The Monotonic Calendar has a 365-day year, which means week days predictably shift by one day every year. If you print every year calendar there would be seven versions, one for each day of the week. For example when the year starts on Sunday, it will also end on Sunday and the next year will start on Monday.
The months are the same as the Gregorian calendar except that February has a fixed 28 days length and the 29 February date is abolished.
Good Resolutions Week[]
Every 29 years, seven intercalary days are added at the end of the year. Although they technically belong to the year they are added to, you should think of these seven days as preparation for the new year to come. So if the next year is X, you can call them "seventh day to X", "sixth day to X", "fifth day to X", "fourth day to X", "third day to X", "second day to X" and New Year's Eve.

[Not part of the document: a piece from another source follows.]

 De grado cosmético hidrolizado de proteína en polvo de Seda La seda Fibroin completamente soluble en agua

Computer systems can just consider the intercalary days as a short seven-day thirteenth month and count the days up in the same way as other months.
To reflect that these days prepare for the year ahead, they are named after New Year's Resolutions. The Good Resolutions Week (GRoW for short) is a time to think of what you wish of yourself in the new year. The GRoW can actually start with any day of the week, but it is called like that because it lasts seven days. The monotonicity of the calendar is preserved when a GRoW is added to the year.
Year Length Cycle[]
When a Good Resolutions Week is added the year length changes to 372 days. That generally happens every 29 years but it can occasionally be 28 years instead. The mean year length using purely a 29-year cycle is 365.24138 which is slightly short.

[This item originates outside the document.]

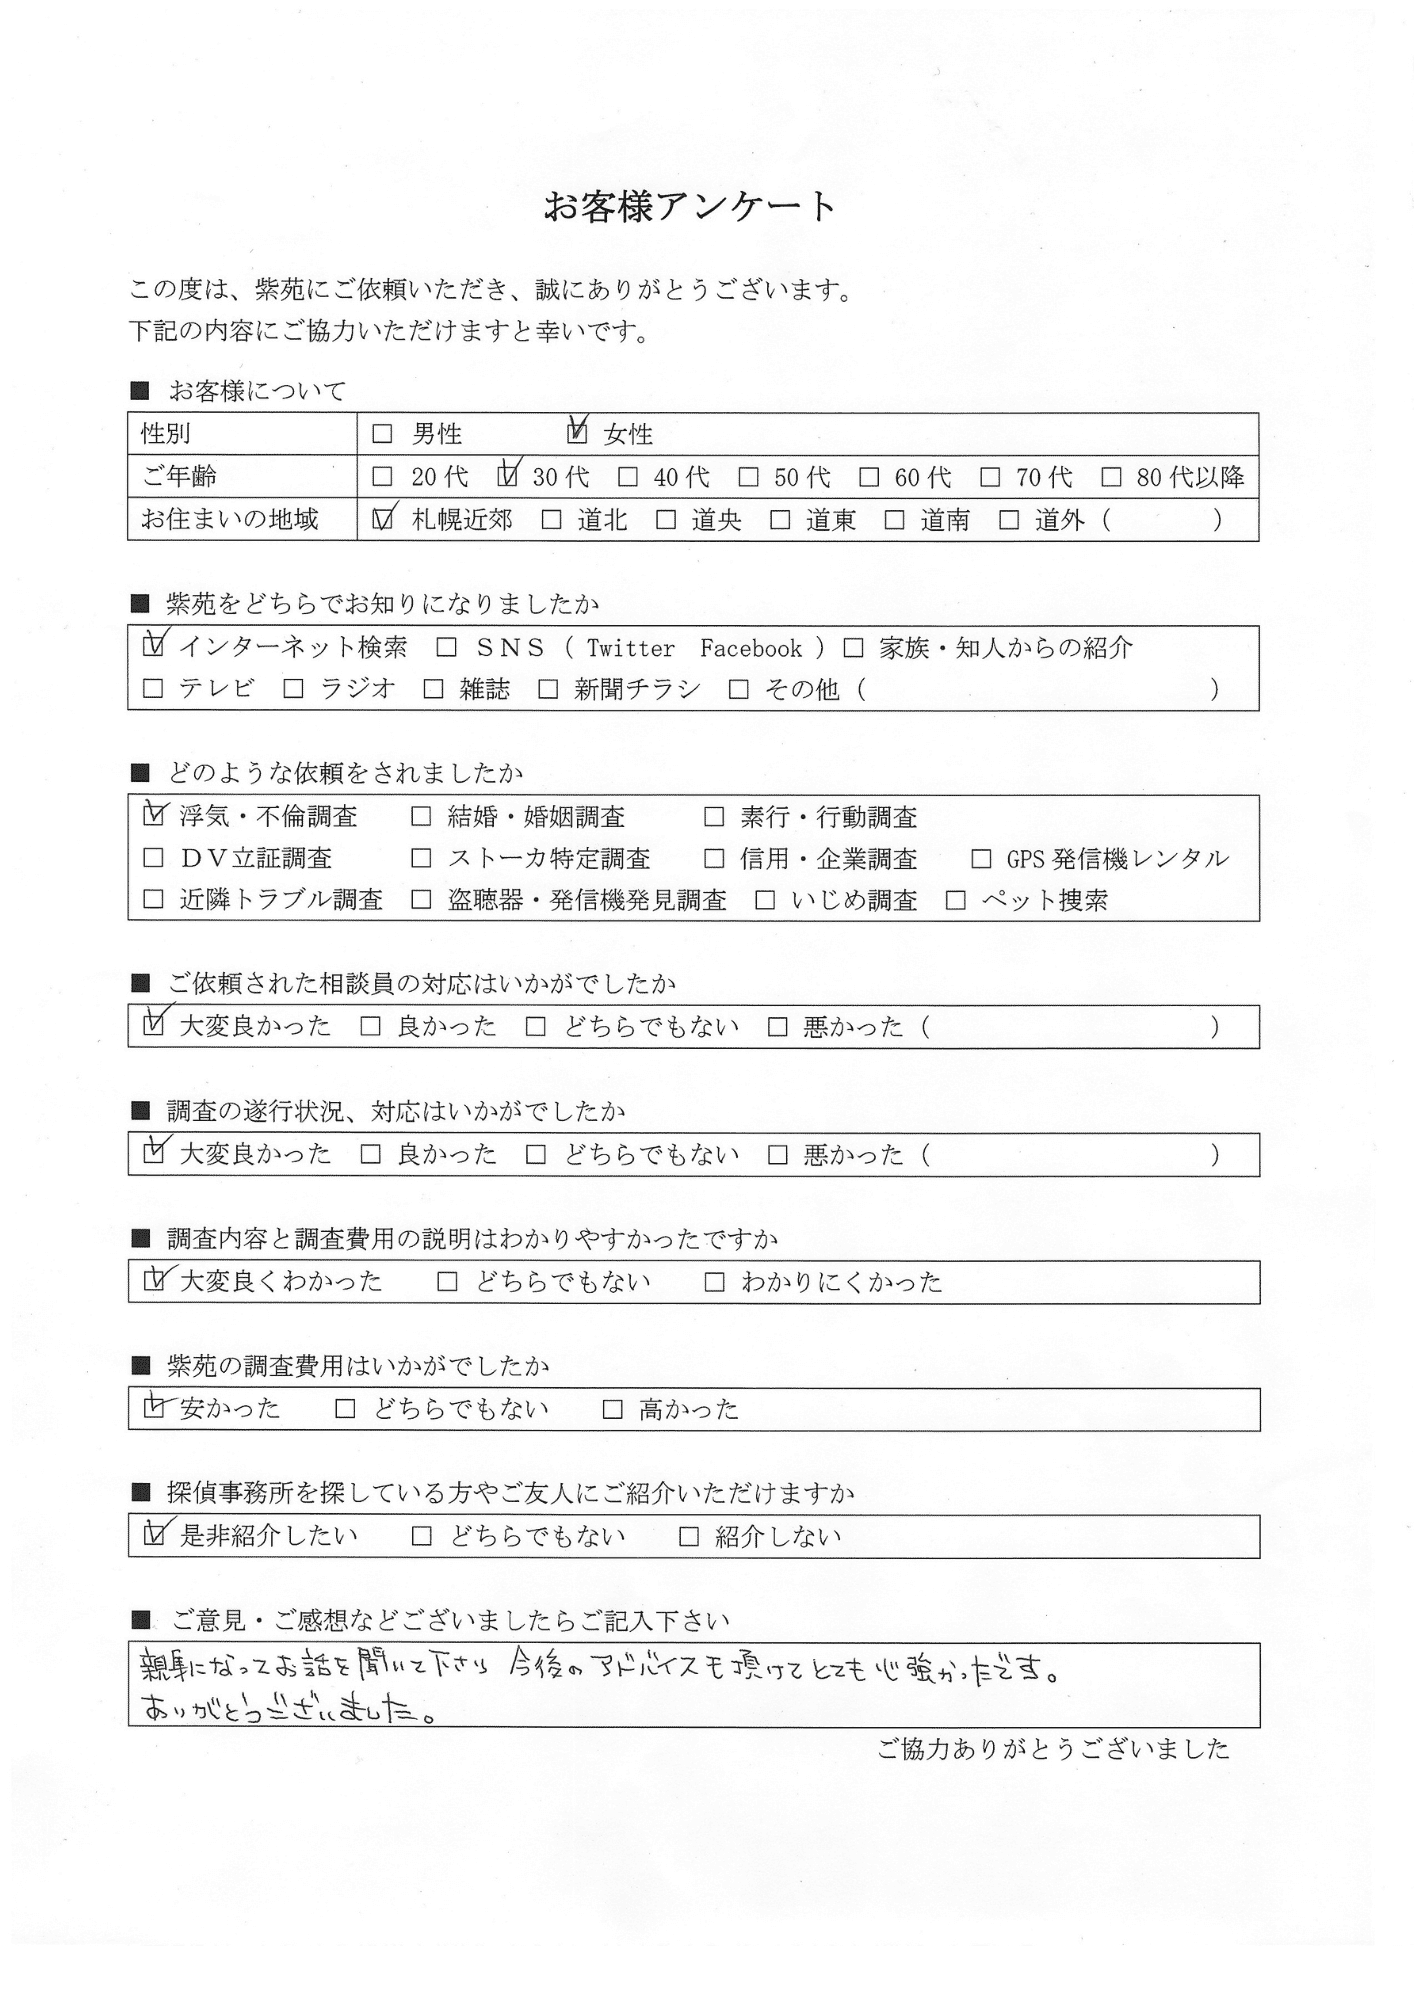 札幌市30代女性-浮気調査アンケート

To determine the next "long" year after year Y use the following formula:
- X = Y0 + Round(RoundUp((Y-Y0)*(l-365)/7) * 7 / (l-365))
Where:
l
is the agreed-upon mean length of the tropical year (suggested: 365.2421904)
Y0
is the agreed-upon epoch year of the cycle
In the formula, only l
is a non-integral number so the calculation can (should) be done with fixed point numbers. Binary scaling should be used for consistent and efficient calculations.
To keep the dates closer to the Gregorian calendar, it is recommended to set the start of the leap cycle three or four days before the Gregorian date. For example, 1 January in the Monotonic calendar could be 29 December in the Gregorian calendar at the beginning of the cycle.